→ **Work instruction**
Quote the material exactly from the line that contains "秦始皇陵博物馆-寻龙贺新春" through its last line. Any pictures are to be left out.

→ **Raw data**
____________________

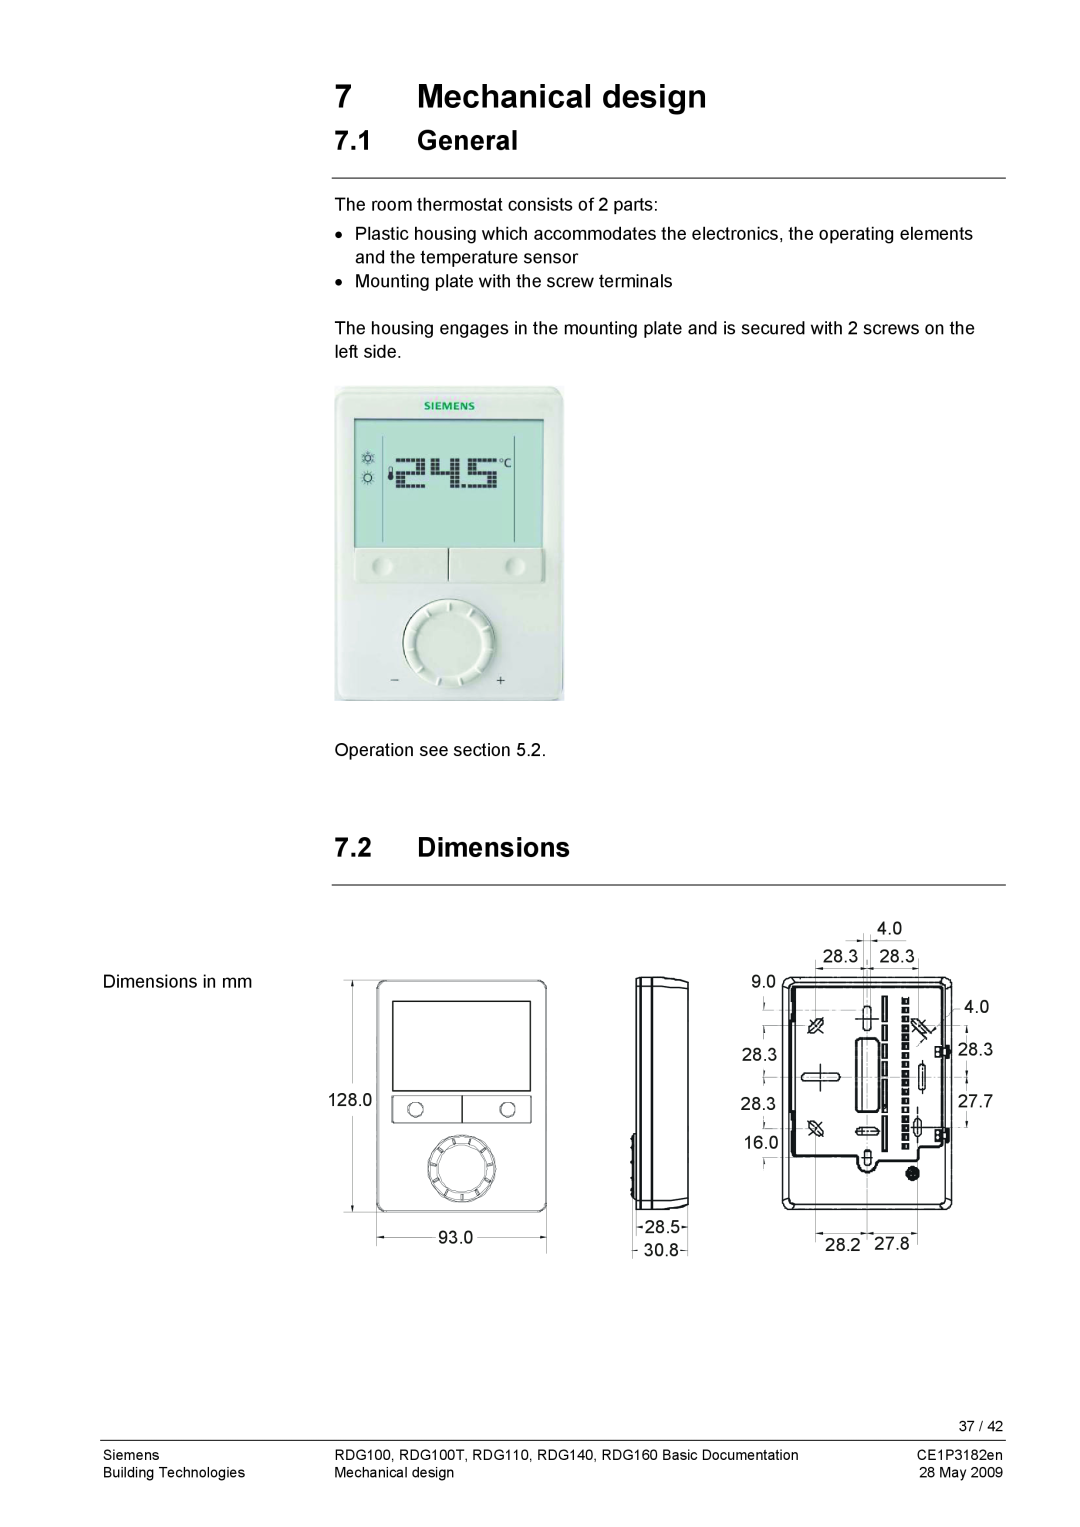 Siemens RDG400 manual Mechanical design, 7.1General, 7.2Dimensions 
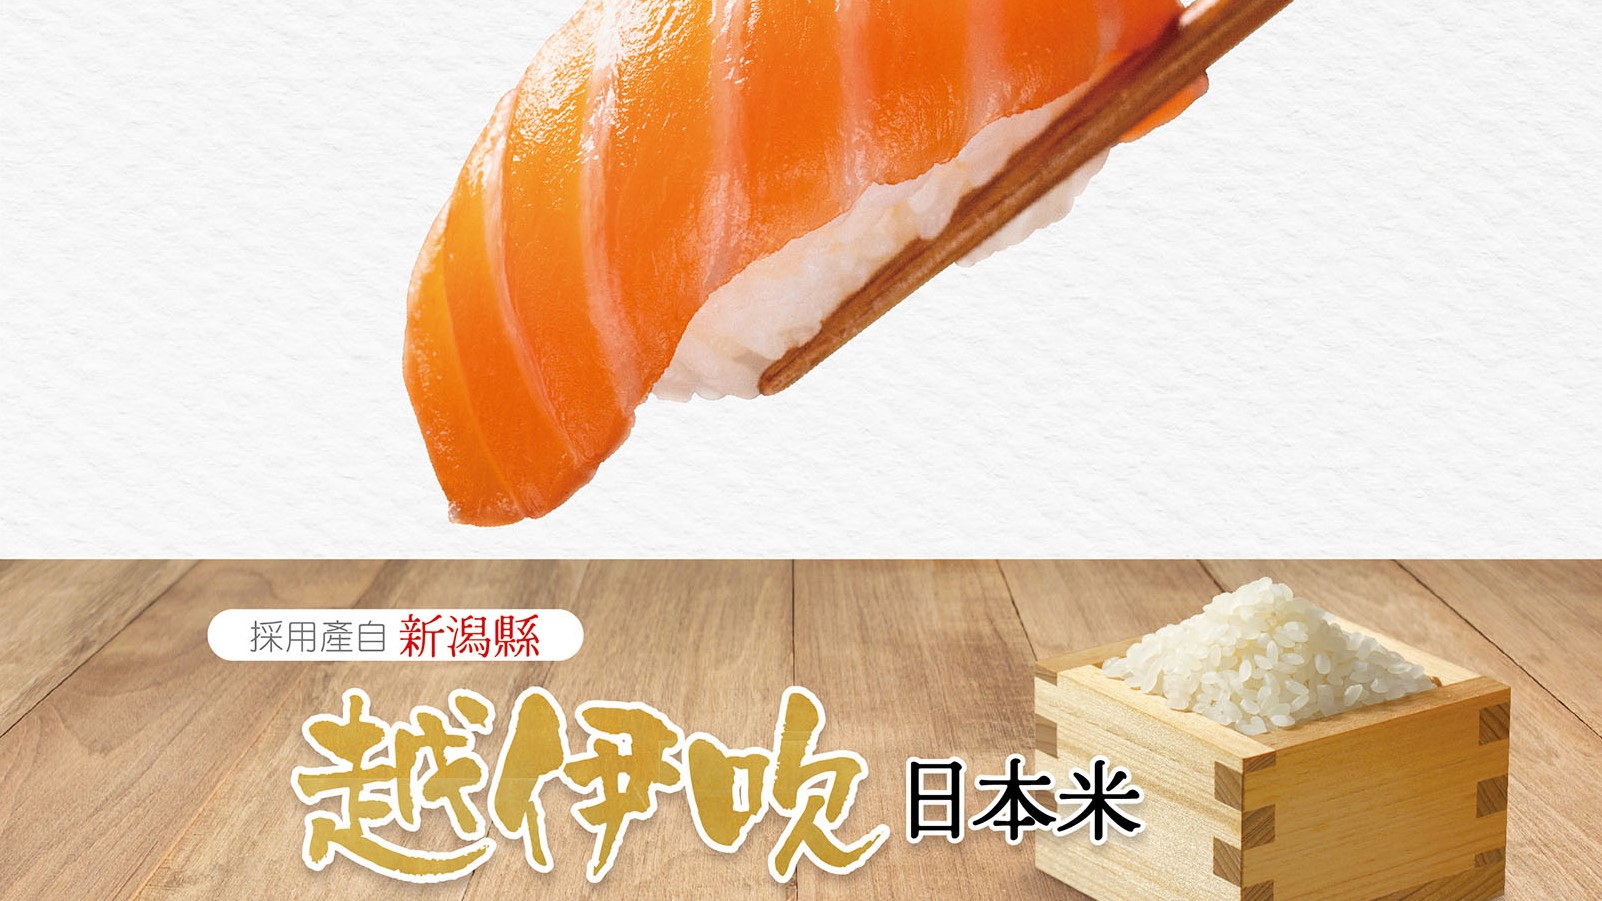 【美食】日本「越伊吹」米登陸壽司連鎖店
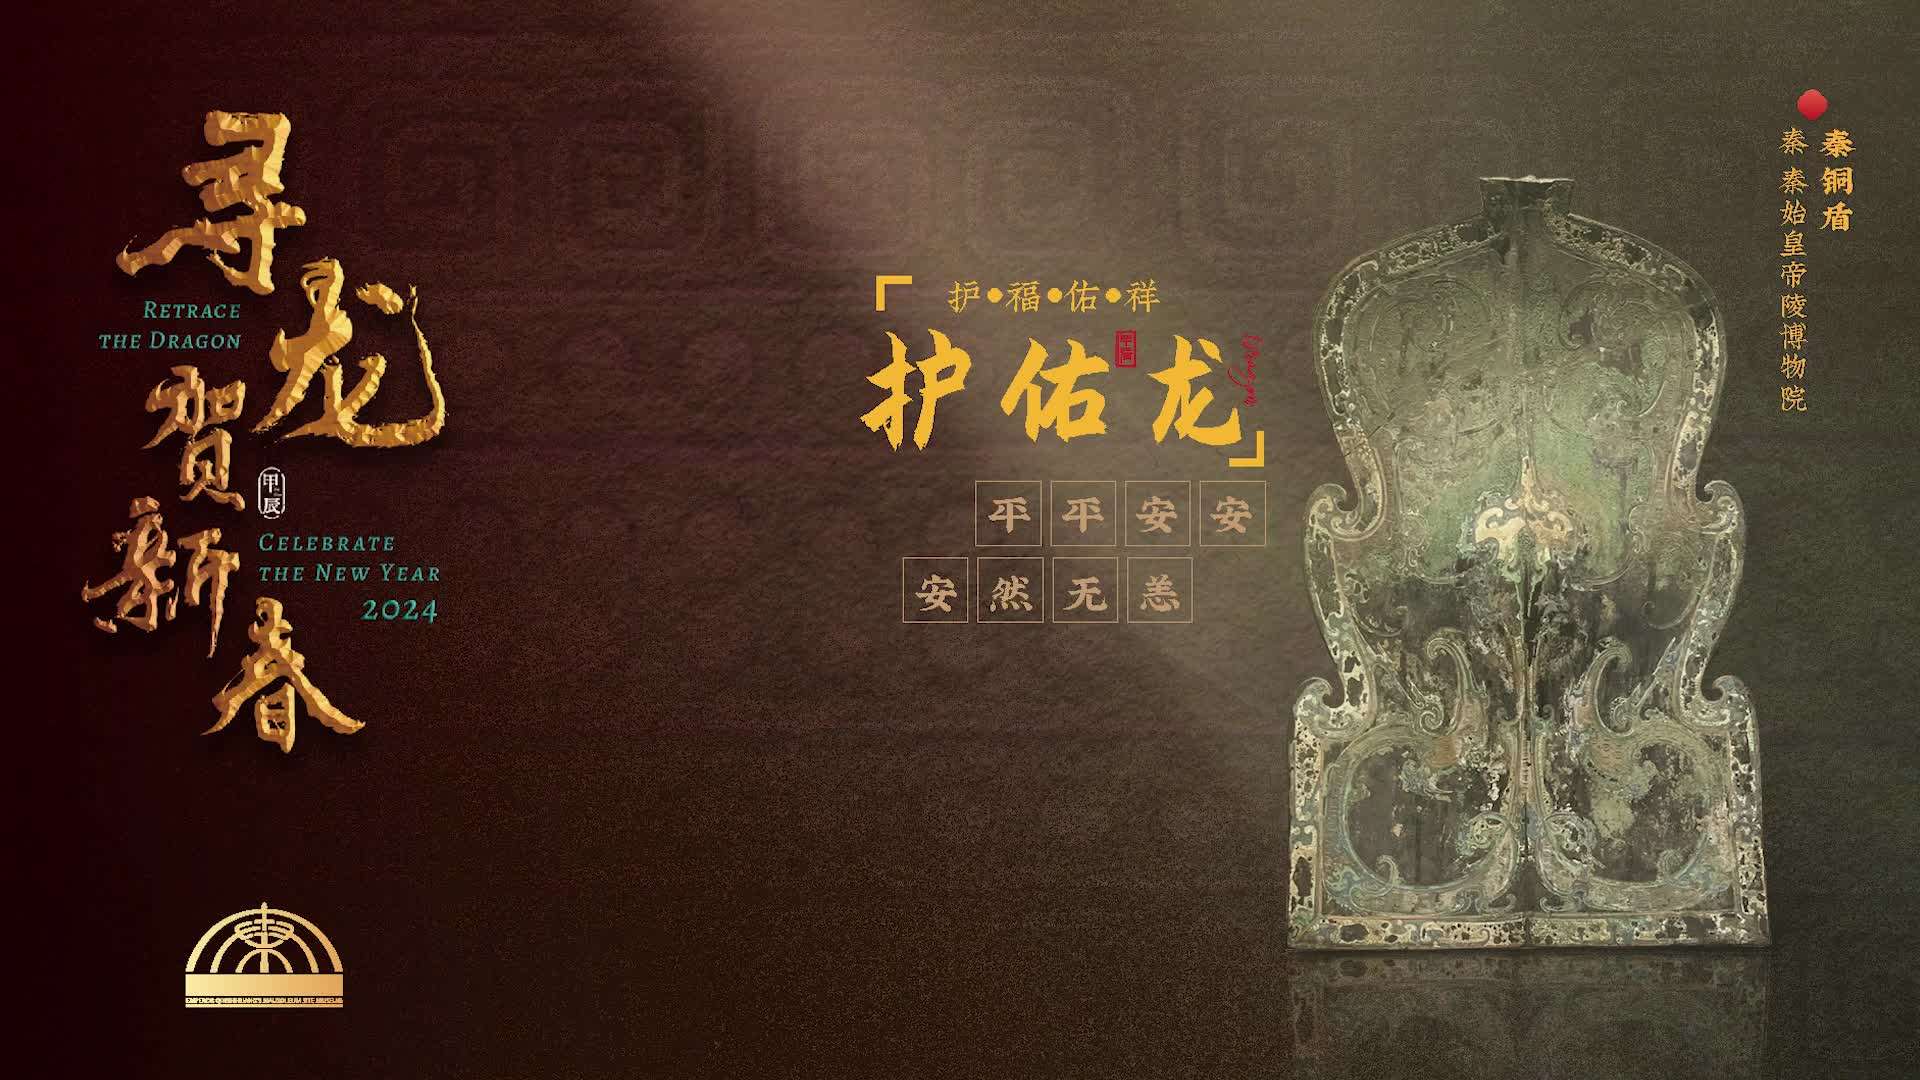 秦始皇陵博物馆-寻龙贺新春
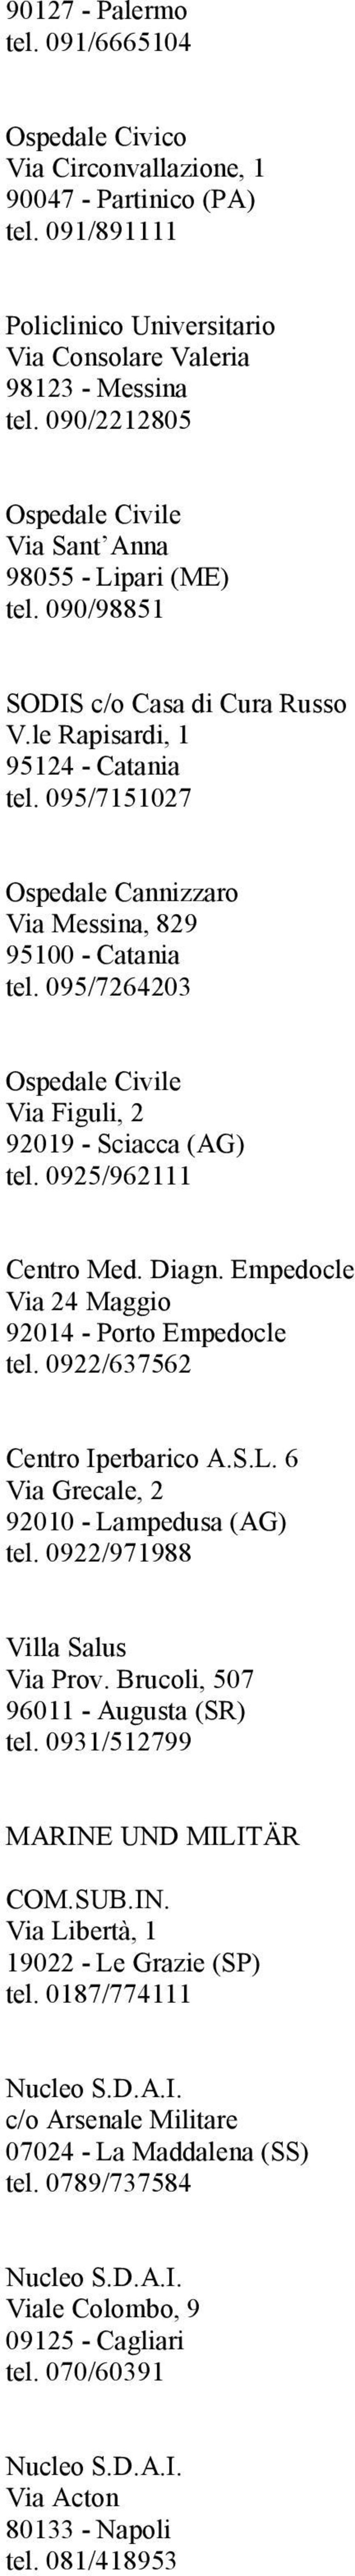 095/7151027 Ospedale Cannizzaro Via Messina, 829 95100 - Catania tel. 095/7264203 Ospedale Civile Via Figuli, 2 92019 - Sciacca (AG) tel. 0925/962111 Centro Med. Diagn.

____________________

→ **Output of the task**
 秦始皇陵博物馆-寻龙贺新春
 095/7151027 Ospedale Cannizzaro Via Messina, 829 95100 - Catania tel. 095/7264203 Ospedale Civile Via Figuli, 2 92019 - Sciacca (AG) tel. 0925/962111 Centro Med. Diagn.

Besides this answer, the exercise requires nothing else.